#### ASSIGNMENT
Line by line, return the listing exactly, without any of the images.

#### DATA EXTRACT
========================

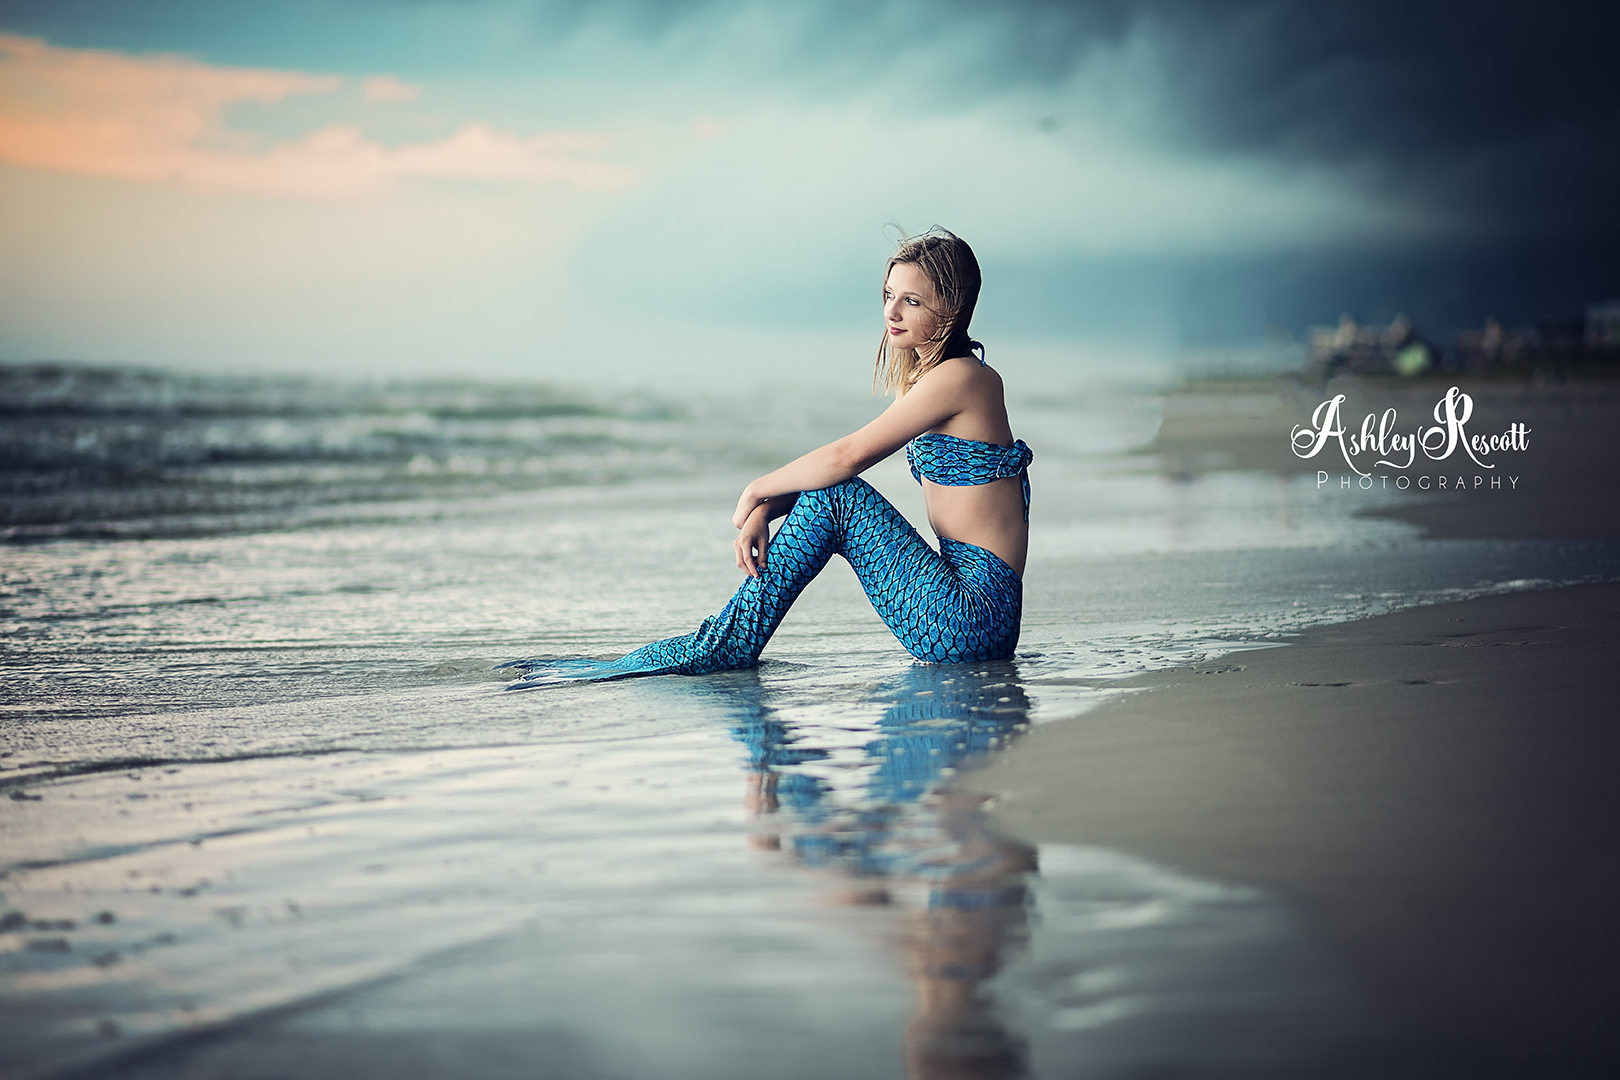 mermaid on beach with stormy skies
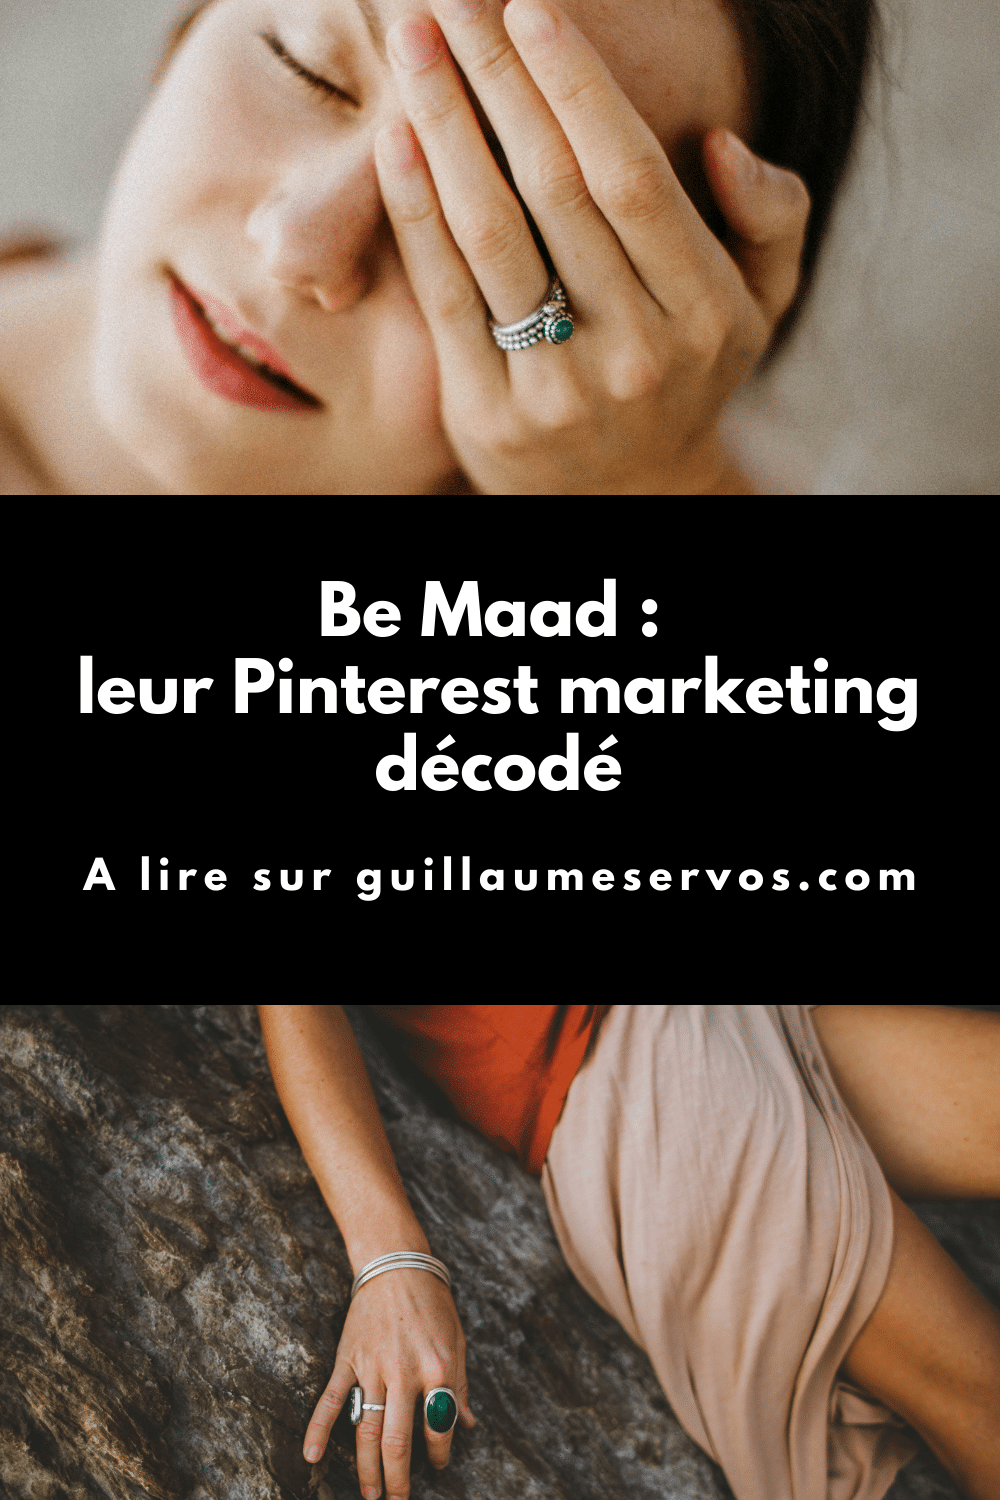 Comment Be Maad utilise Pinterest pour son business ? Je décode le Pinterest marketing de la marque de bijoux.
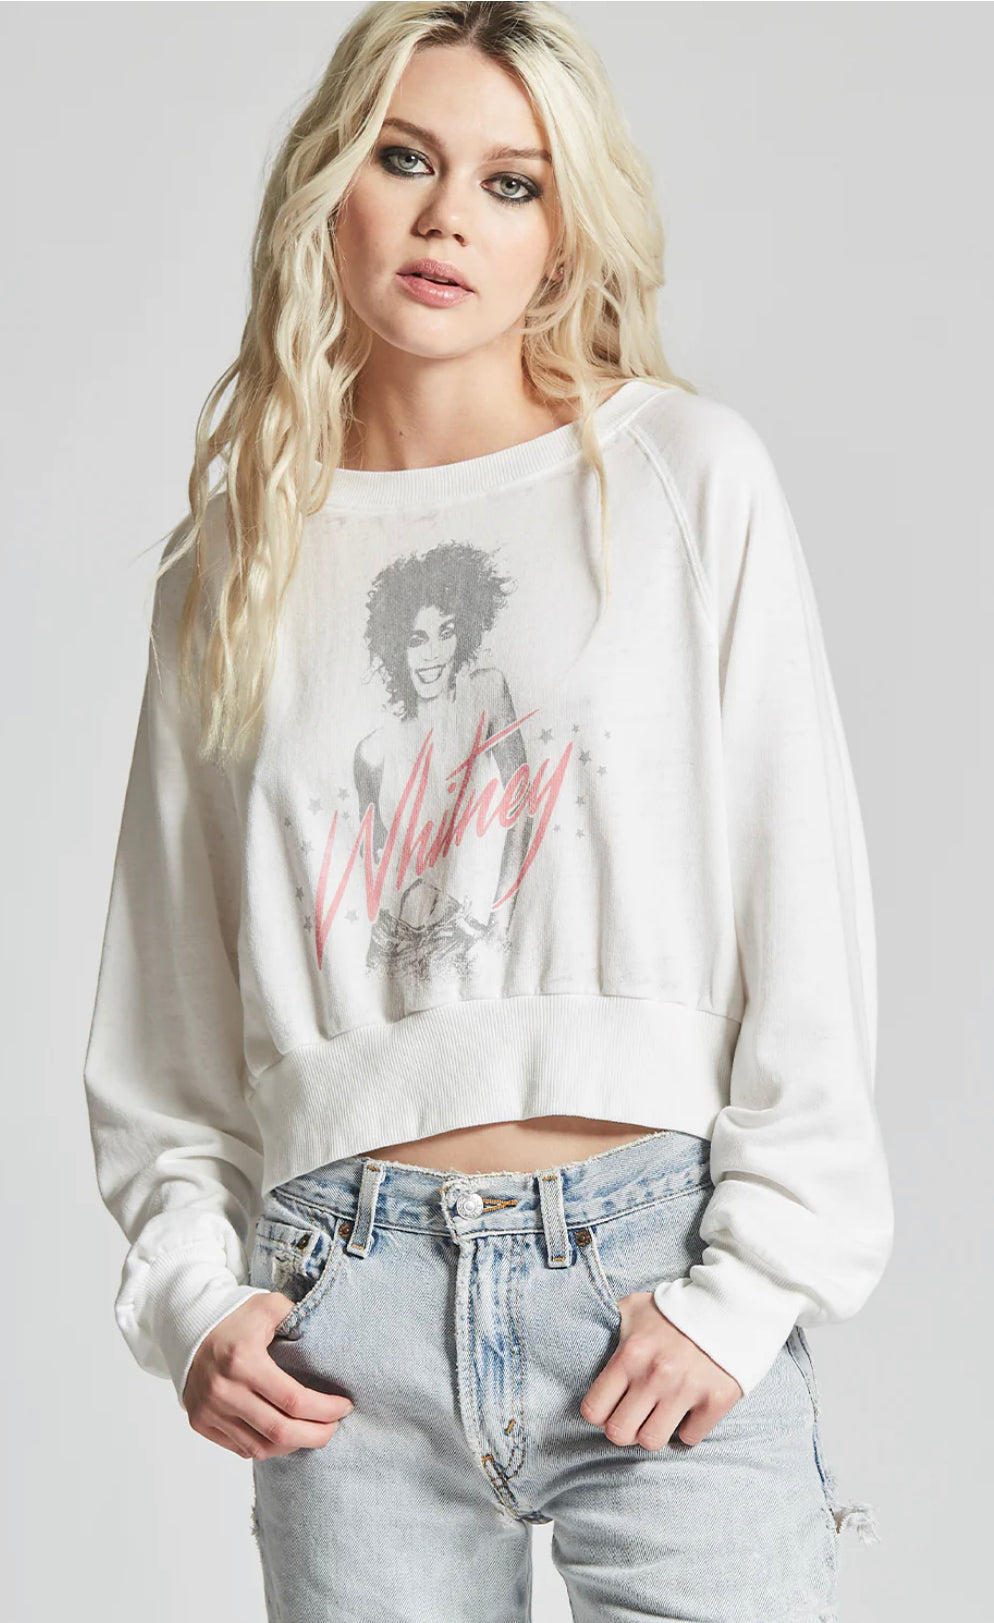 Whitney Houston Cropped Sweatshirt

========================

#### THE ANSWER
 mermaid on beach with stormy skies
 Comment Be Maad utilise Pinterest pour son business ? Je décode le Pinterest marketing de la marque de bijoux.
 Whitney Houston Cropped Sweatshirt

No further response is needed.